尝试在Spark中对DataFrame进行操作时发生NullPointerException

时间:2018-07-23 15:19:24

标签: scala apache-spark jdbc apache-spark-sql

我正在尝试在Scala中处理Spark-JDBC程序。为此,我编写了以下代码:

object PartitionRetrieval {

  var conf  = new SparkConf().setAppName("Spark-JDBC")
  val log   = LogManager.getLogger("Spark-JDBC Program")
  Logger.getLogger("org").setLevel(Level.ERROR)
  val conFile       = "/home/hmusr/ReconTest/inputdir/testconnection.properties"
  val properties    = new Properties()
  properties.load(new FileInputStream(conFile))
  val connectionUrl = properties.getProperty("gpDevUrl")
  val devUserName   = properties.getProperty("devUserName")
  val devPassword   = properties.getProperty("devPassword")
  val driverClass   = properties.getProperty("gpDriverClass")
  val tableName     = "supply.accounts"
  val connectionProperties = new Properties()
  connectionProperties.put("user",devUserName)
  connectionProperties.put("password",devPassword)
  connectionProperties.put("driver",driverClass)
  try {
    Class.forName(driverClass).newInstance()
  } catch {
    case cnf: ClassNotFoundException =>
      log.error("Driver class: " + driverClass + " not found")
      System.exit(1)
    case e: Exception =>
      log.error("Exception: " + e.printStackTrace())
      System.exit(1)
  }
  println("connectionUrl: " + connectionUrl)
  println("devUserName: " + devUserName)
  println("devPassword: " + devPassword)
  println("driverClass: " + driverClass)

  def main(args: Array[String]): Unit = {
    val spark   = SparkSession.builder().config(conf).master("yarn").enableHiveSupport().getOrCreate()
    val gpTable2 = spark.read.jdbc(connectionUrl, tableName, connectionProperties)
    val count = gpTable2.filter(gpTable2("source_system_name")==="ORACLE").count()
    println("gpTable2 Count: " + count)
  }
}

这些是testconnection.properties文件的内容:

devUserName="username"
devPassword="password"
gpDriverClass=org.postgresql.Driver
gpDevUrl="jdbc:postgresql://xx.xxx.xxx.xxx:1234/base?ssl=true&sslfactory=org.postgresql.ssl.NonValidatingFactory"

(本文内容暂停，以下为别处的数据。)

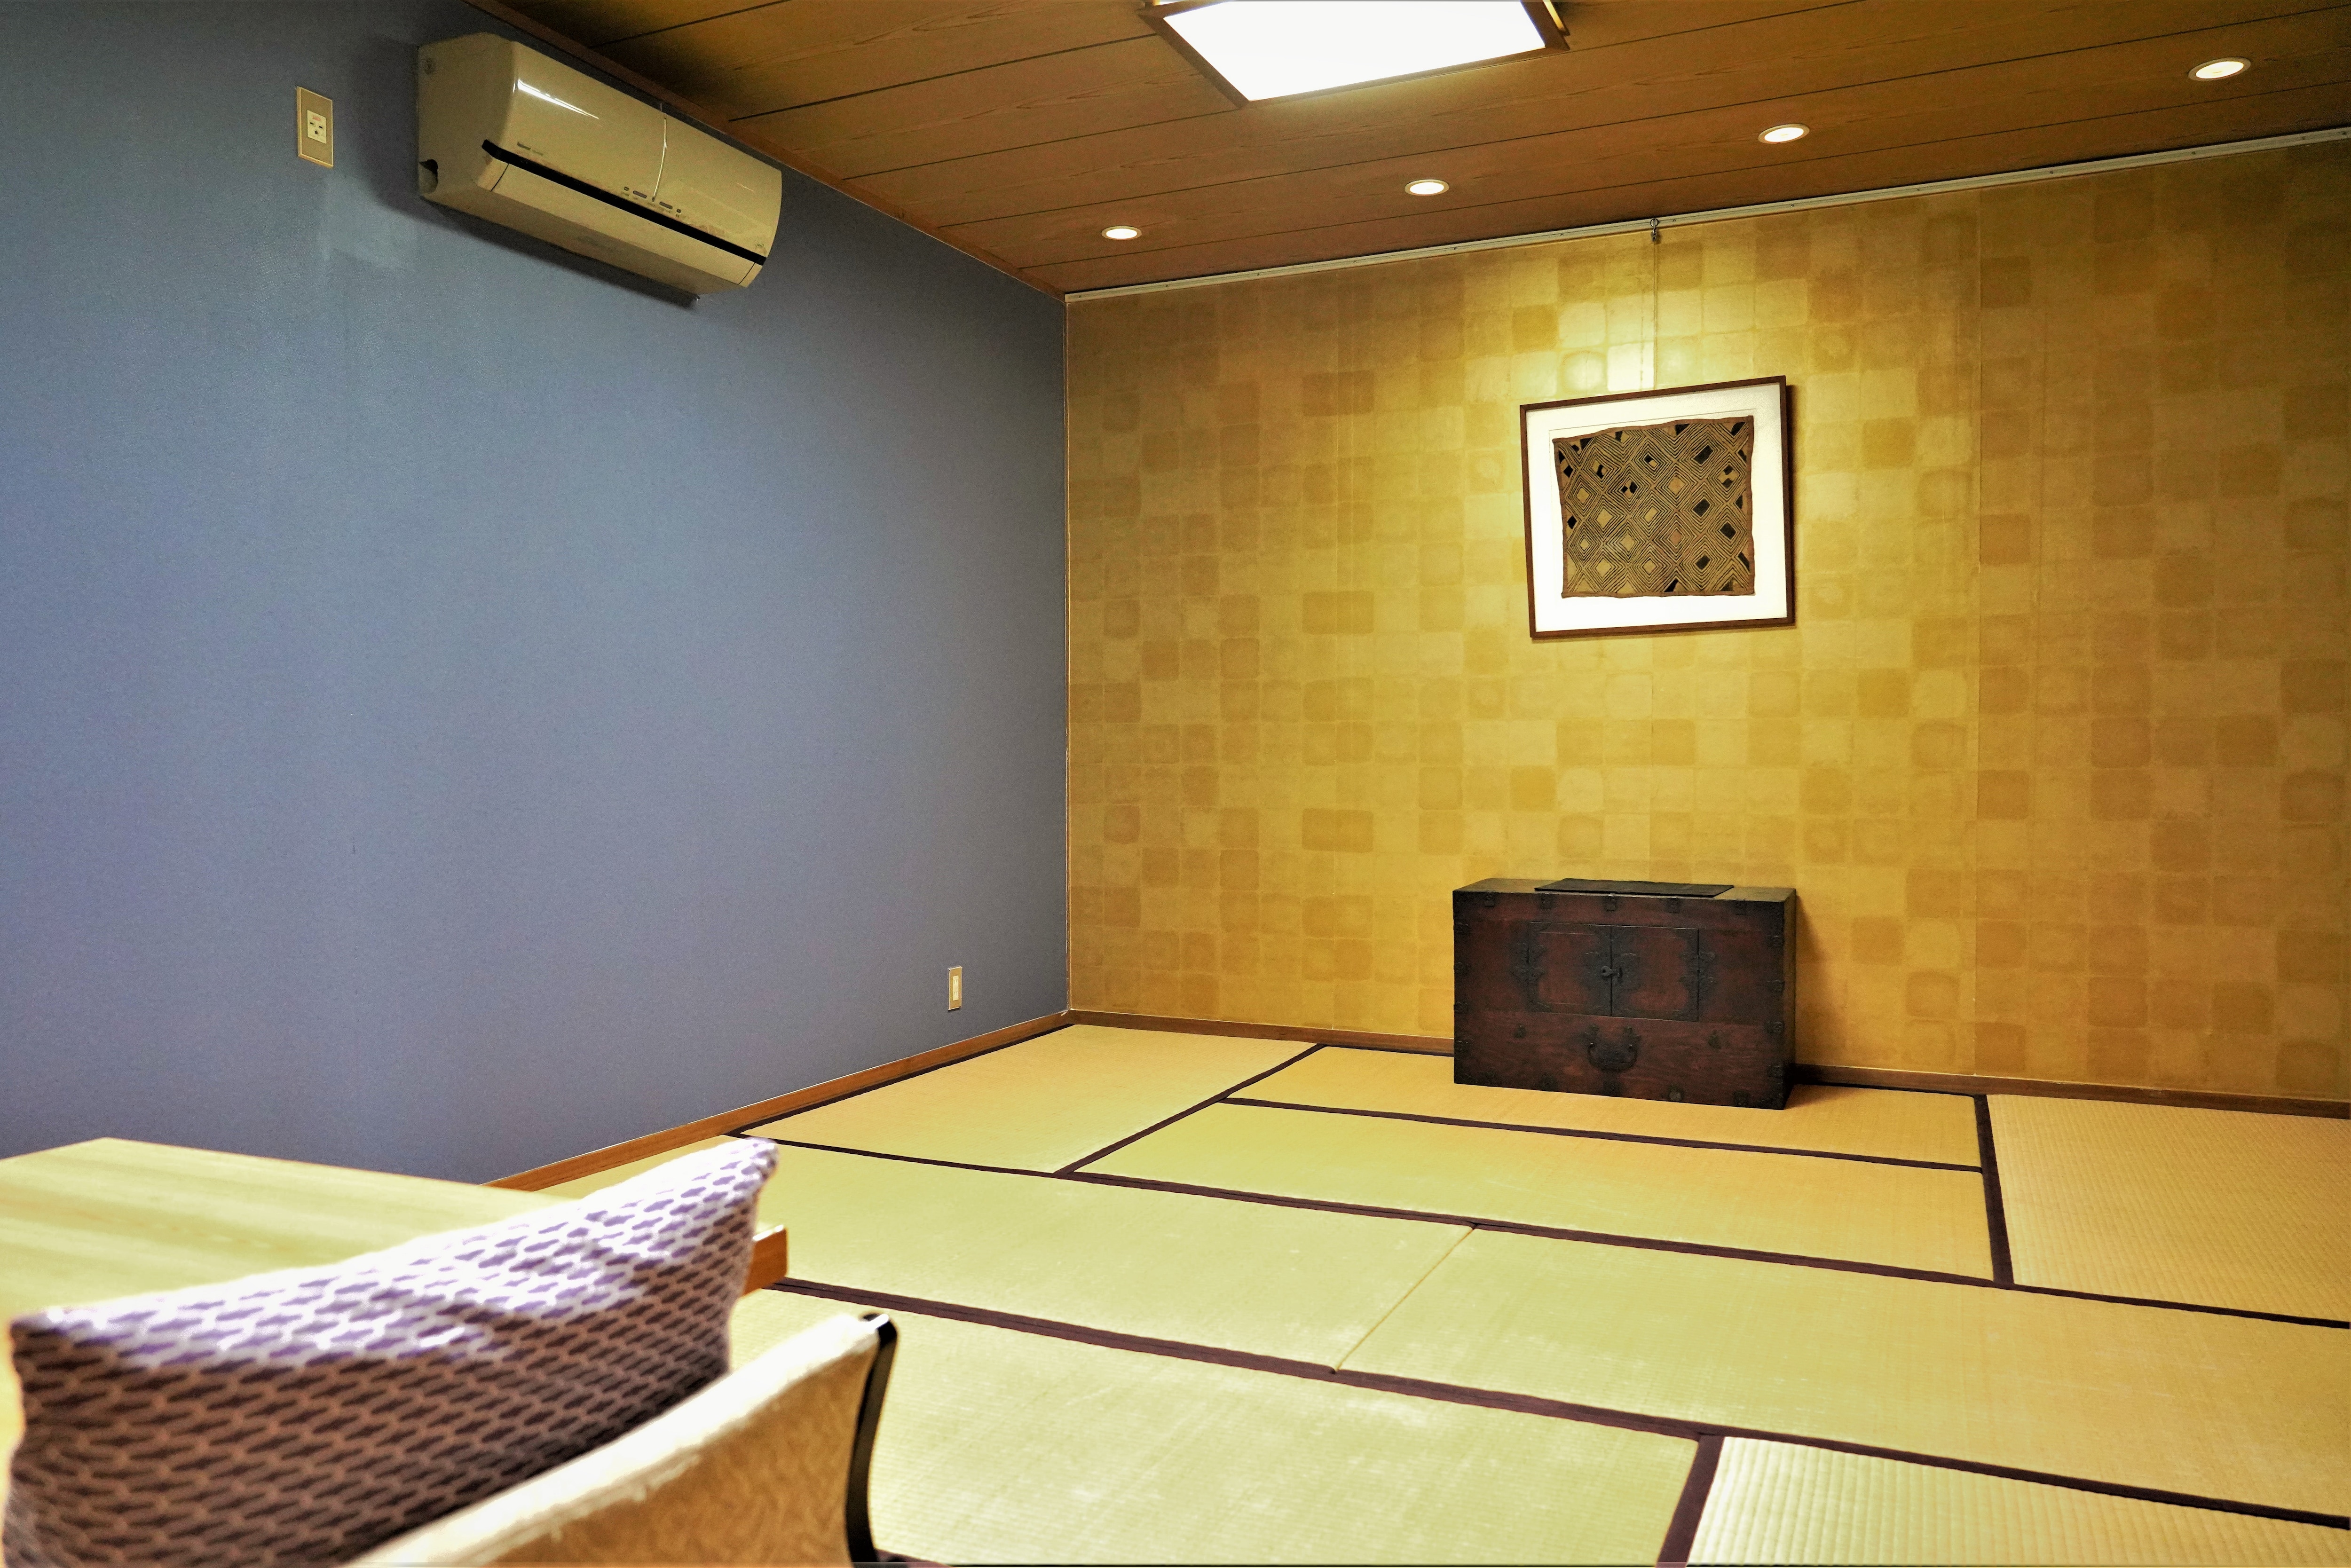 ห้องพักสไตล์ญี่ปุ่นขนาด 10 เสื่อทาทามิ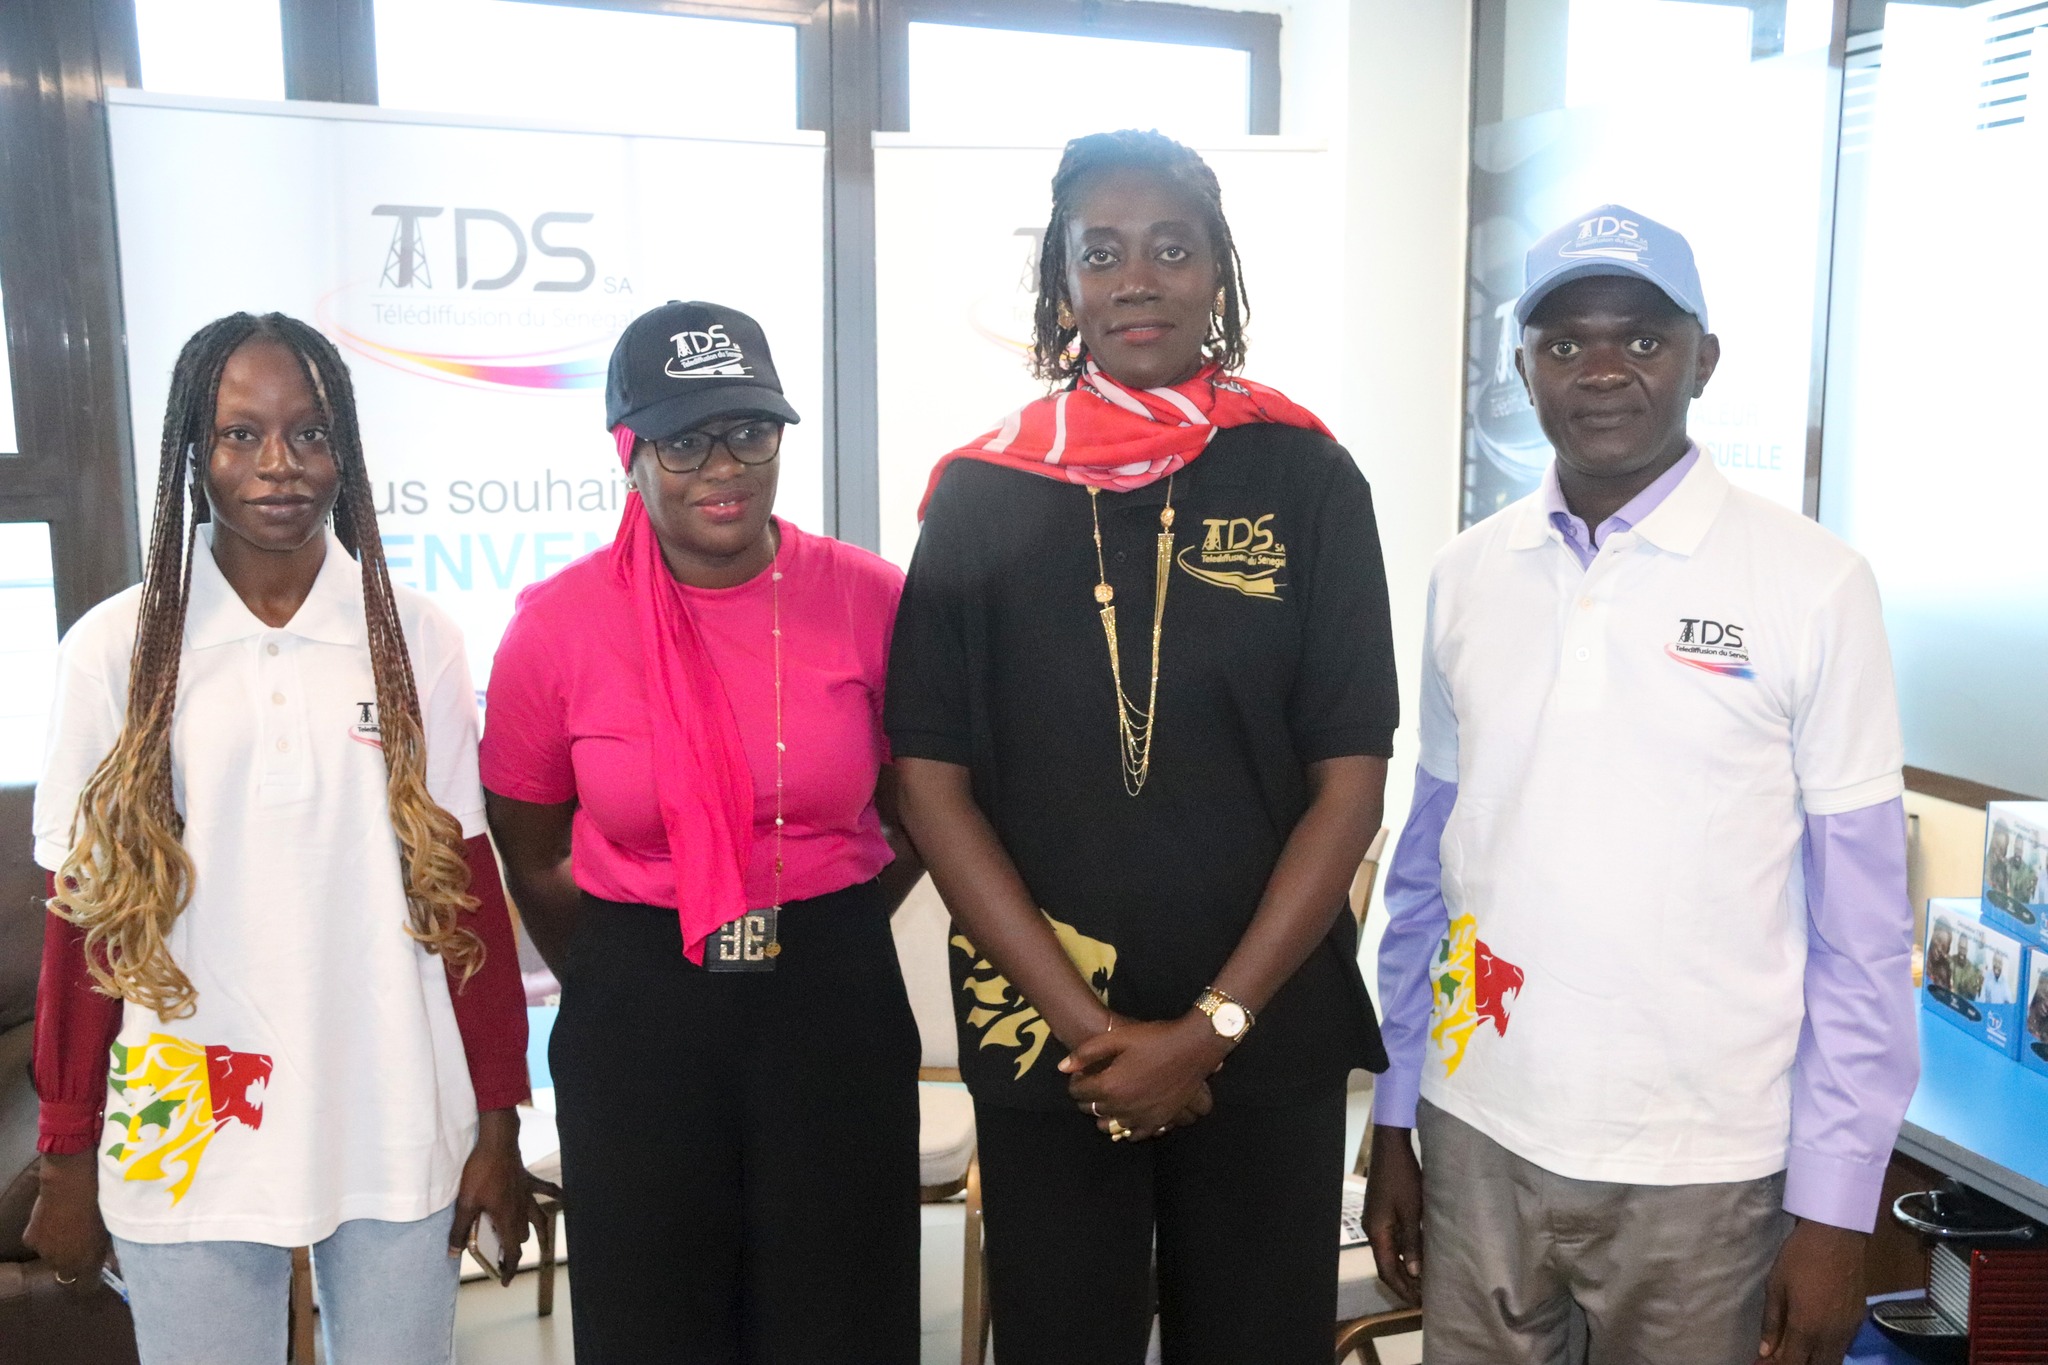 Télédiffusion du Sénégal – TDS : Remise des décodeurs TNT à nos heureux gagnants

我正在尝试对值accounts的列:source_system_name上的表ORACLE进行过滤,然后获取过滤后的行数。 当我执行代码时,我得到了NullPointerException:

connectionUrl: "jdbc:postgresql://xx.xxx.xxx.xxx:1234/finance?ssl=true&sslfactory=org.postgresql.ssl.NonValidatingFactory"
devUserName: "username"
devPassword: "password"
driverClass: org.postgresql.Driver
18/07/23 14:57:07 INFO metastore: Trying to connect to metastore with URI thrift://ip-xx-xxx-xxx-xxx.ec2.internal:1234
18/07/23 14:57:07 INFO metastore: Connected to metastore.
18/07/23 14:57:20 INFO metastore: Trying to connect to metastore with URI thrift://ip-xx-xxx-xxx-xxx.ec2.internal:1234
18/07/23 14:57:20 INFO metastore: Connected to metastore.
Exception in thread "main" java.lang.NullPointerException
        at org.apache.spark.sql.execution.datasources.jdbc.JDBCRDD$.resolveTable(JDBCRDD.scala:72)
        at org.apache.spark.sql.execution.datasources.jdbc.JDBCRelation.<init>(JDBCRelation.scala:114)
        at org.apache.spark.sql.execution.datasources.jdbc.JdbcRelationProvider.createRelation(JdbcRelationProvider.scala:52)
        at org.apache.spark.sql.execution.datasources.DataSource.resolveRelation(DataSource.scala:309)
        at org.apache.spark.sql.DataFrameReader.load(DataFrameReader.scala:178)
        at org.apache.spark.sql.DataFrameReader.load(DataFrameReader.scala:146)
        at org.apache.spark.sql.DataFrameReader.jdbc(DataFrameReader.scala:193)
        at com.yearpartition.obj.PartitionRetrieval$.main(PartitionRetrieval.scala:59)
        at com.yearpartition.obj.PartitionRetrieval.main(PartitionRetrieval.scala)
        at sun.reflect.NativeMethodAccessorImpl.invoke0(Native Method)
        at sun.reflect.NativeMethodAccessorImpl.invoke(NativeMethodAccessorImpl.java:62)
        at sun.reflect.DelegatingMethodAccessorImpl.invoke(DelegatingMethodAccessorImpl.java:43)
        at java.lang.reflect.Method.invoke(Method.java:498)
        at org.apache.spark.deploy.SparkSubmit$.org$apache$spark$deploy$SparkSubmit$$runMain(SparkSubmit.scala:782)
        at org.apache.spark.deploy.SparkSubmit$.doRunMain$1(SparkSubmit.scala:180)
        at org.apache.spark.deploy.SparkSubmit$.submit(SparkSubmit.scala:205)
        at org.apache.spark.deploy.SparkSubmit$.main(SparkSubmit.scala:119)
        at org.apache.spark.deploy.SparkSubmit.main(SparkSubmit.scala)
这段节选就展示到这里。